I have been on an old 8" (203mm) before. 200lb projectile with incredible accurady!

missionary5155
01-09-2012, 04:42 AM
Good morning
Biggest tube sitting up in the state of ILL. is a 1.1" on a crude naval carrage.
Largest I have ever touched off is the M68 105mm main gun on the M60A1 MBT. Now that was one nice direct fire rifle. After everyone was about through at tank range I would carefully line up on 2x4´s at 1200 meters and could consistently cut them off with inert "heat"(blue) rounds. All ya had to do was learn how to get the slack out of the opticle system and do the final lay with the manual elevator using the handle´s top mounted firing switch to set it off. Ride the recoil with eye glued to the primary sight and watch the 2x4 get punched. The goal was to leave it clean cut with a perfect half moon.
Mike in Peru Armor 71-74

David LaPell
01-09-2012, 06:30 AM
I like to carry my artillery. A .577 caliber 1853 Enfield Musketoon with a doe from the 2010 season. One shot, one kill from offhand at about 100 yards.

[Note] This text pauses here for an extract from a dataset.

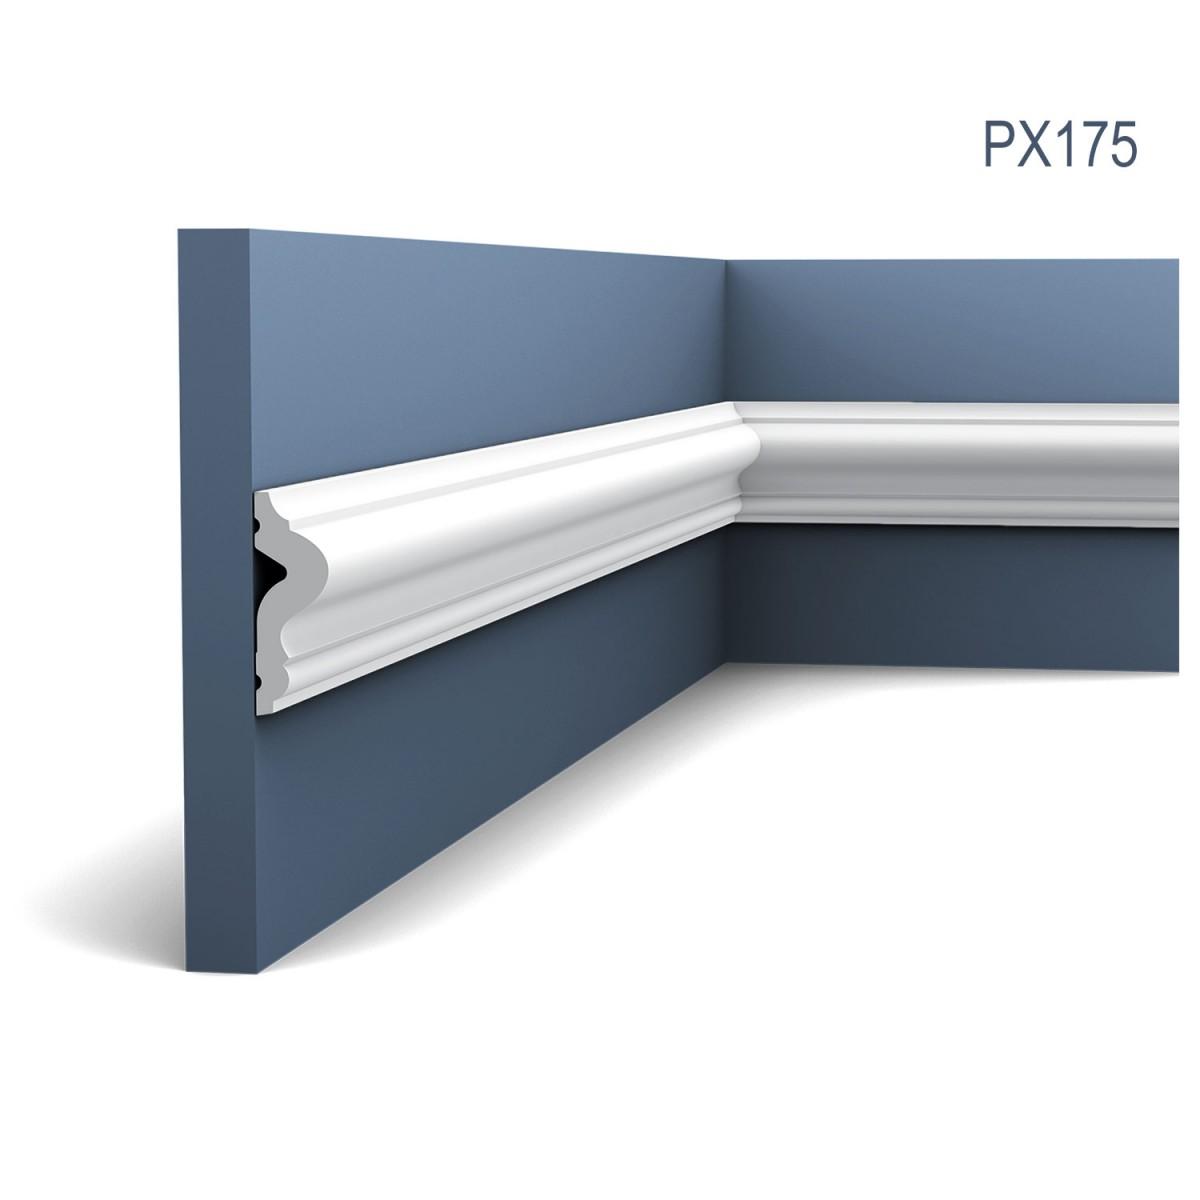 Brau Axxent PX175, Dimensiuni: 200 X 1.7 X 5 cm, Orac Decor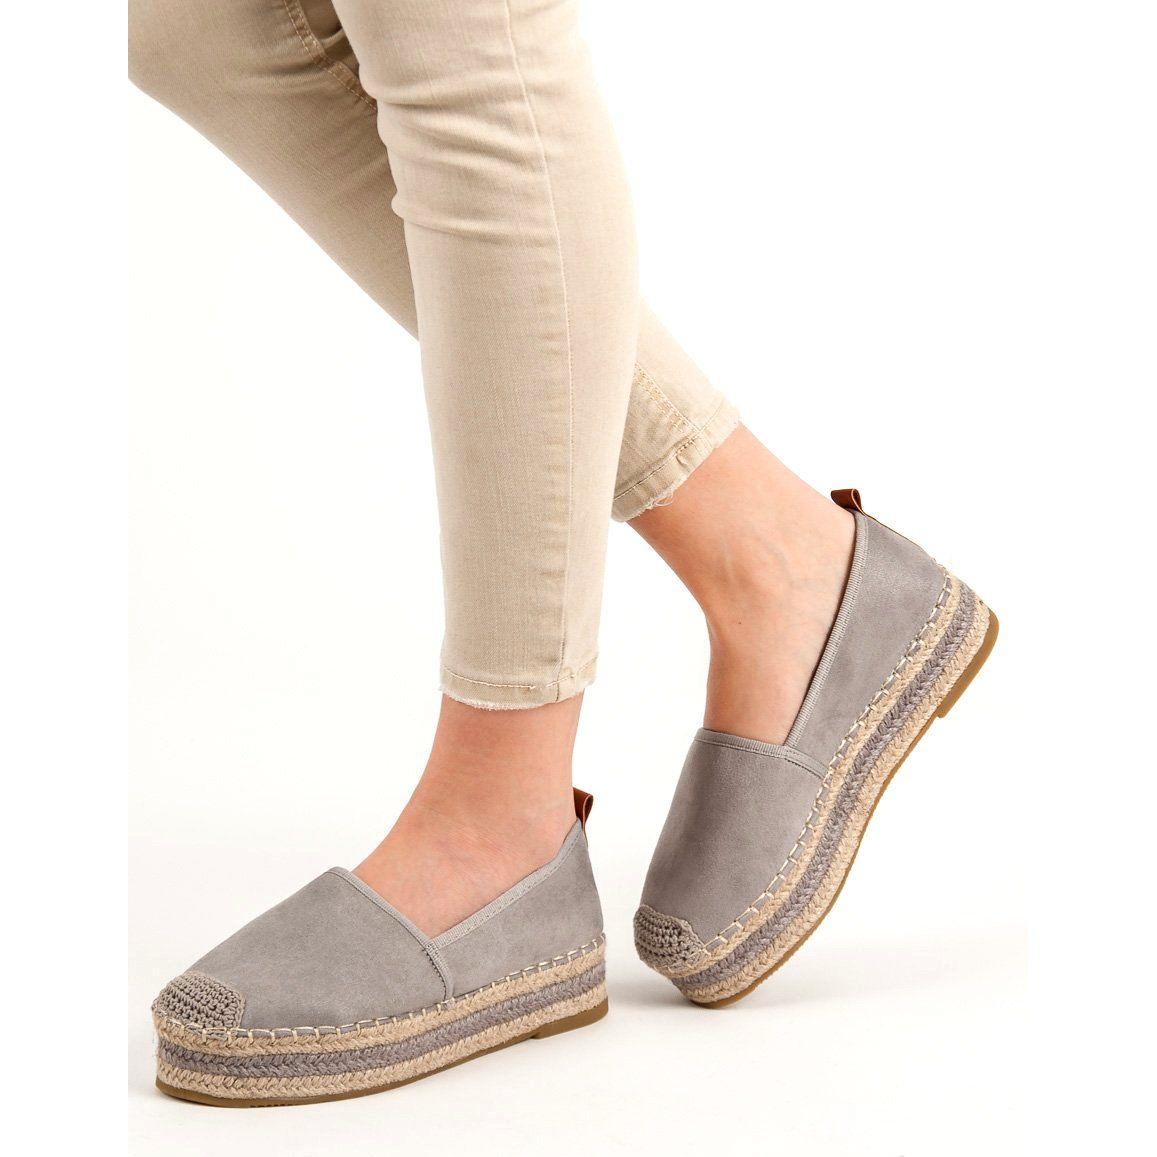 Coura Zamszowe Espadryle Na Platformie Szare Espadrilles Flat Espadrille Shoes

http://i561.photobucket.com/albums/ss57/Smith29-2/muzzledeer2.jpg

NickSS
01-09-2012, 07:26 AM
I currently own a .50 cal 10 pound parrot rifle and a 69 cal model 1841 48 pounder naval gun. These are much smaller than my full sized 6 pounder revolutionary war field gun I owned a lot of years ago. The biggest gun I ever fired was a Napoleon gun howitzer made in 1863. It rang like a bell when fired. With my 6 pounder I used to shoot 3 inch lead cannon balls with blasting powder at ranges up to 1200 yards. Once I got the elevation right I could riddle 55 gallon drums with 3 inch holes but I would occupationally get one that bouced off the ground ant took down a pine tree behind my backstop. At 200 yards with an alpo dog food can full of 69 cal round balls it made for very perforated row of 55 gallon drums. Oh for the good old days when I could buy blasting powder for about a buck a pound and $25 would make for a days shooting. with my 1200 pound pea shooter.

snglstack
01-09-2012, 09:01 PM
Boy, howdy...and lead was a nickel a pound

Alan
01-12-2012, 12:14 PM
I think we should get a letter campaign going to Uberti to come out with a .577 Webly C&B revolver repro. 8)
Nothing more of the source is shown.